Taking something for granted is, I suppose, a sign of success. In this case, it would be reading the Bible in the vernacular. And to prove the point, this year marks the 500th anniversary of William Tyndale’s English translation of the New Testament, and I’m not sure how many people would particularly care. They should, of course, for cultural and political as well as theological reasons.
Tyndale was born in 1494 in Gloucestershire, graduated from Oxford in 1512, and was ordained three years later. He’s come under the influence of early reformers, Lollards as they were known, and serving as a priest in Lincolnshire and Cambridge in eastern England, where these new ideas were especially strong, sharpened his evangelical tendencies. The Bible used by the church at the time was the St. Jerome’s Vulgate, a competent if flawed translation in a language not understood by the vast majority of people. There was an English version, translated by John Wycliffe in the late 14th century, but its language was overly refined, outdated, and considered heretical.

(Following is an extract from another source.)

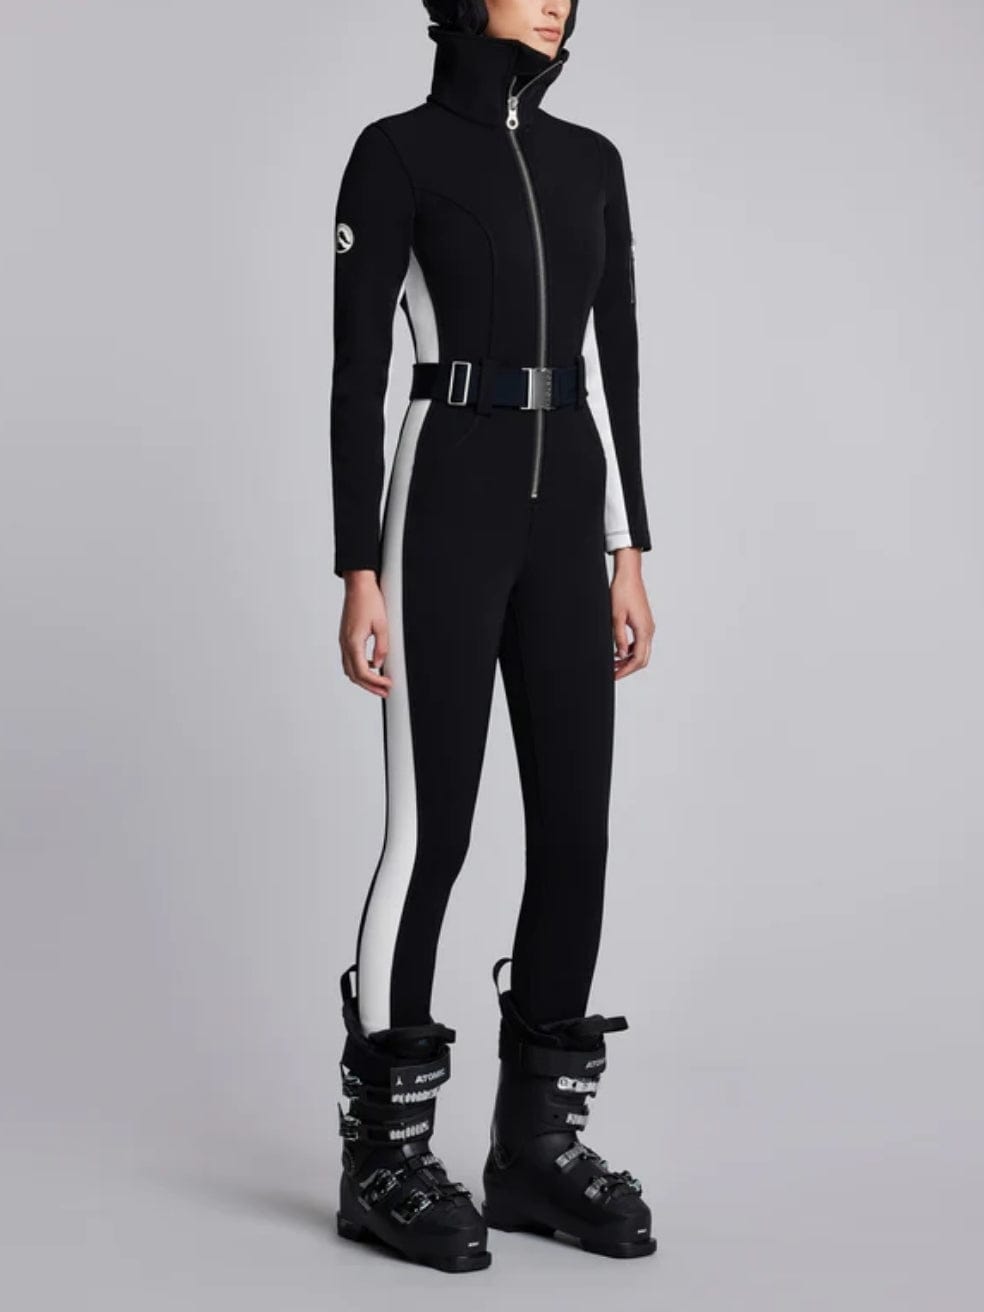 Cordova Ski Suit

The impetus for change came from continental Europe. In 1516, Erasmus published “Novum Instrumentum omne,” which contained the first published Greek New Testament and a new Latin translation. Two more editions would appear in the next six years. It was this translation that Martin Luther used for his German version of the New Testament.
Tyndale was one of many young intellectuals intrigued by events abroad. A vernacular Bible was only part of the new thinking, of course, usually accompanied by an aggressive questioning of church authority. Once scripture could be read and understood by every Christian, why should the institutional church assume such influence over teachings and doctrine? Where were nuns and monks in the Gospels, why were clergy celibate, and was there a Biblical foundation for religious hierarchy and authority? More significantly, are we saved by faith alone, and is the celebration of the eucharist an important but symbolic act rather than the literal miracle of transubstantiation taught by the church?
Tyndale was able to speculate on all this and work on his translation while serving as chaplain to Sir John Walsh in Little Sodbury Manor in Gloucestershire, where he was protected, and partly because his work was not widely known. Translating scripture wasn’t strictly illegal but did require the approval of a bishop, and if Tyndale was to reach a larger audience, he needed such episcopal support. He approached the Bishop of London, Cuthbert Tunstall, widely respected as a moderate, a humanist, and a friend of scholarship. Tunstall refused, however, and because of his approach, Tyndale and his work were now known, and not in the way he’d hoped. In 1524, he fled to what is now Germany, to Wittenberg, where Martin Luther lived and taught.
He completed his translation of the New Testament and travelled to Cologne to have it printed. Cologne was Roman Catholic, not safe, and news of what Tyndale intended soon leaked. He was forced to flee once again, and it was in Antwerp in 1526 that the translation was eventually printed, and where he would translate some books of the Old Testament and also write theological pamphlets.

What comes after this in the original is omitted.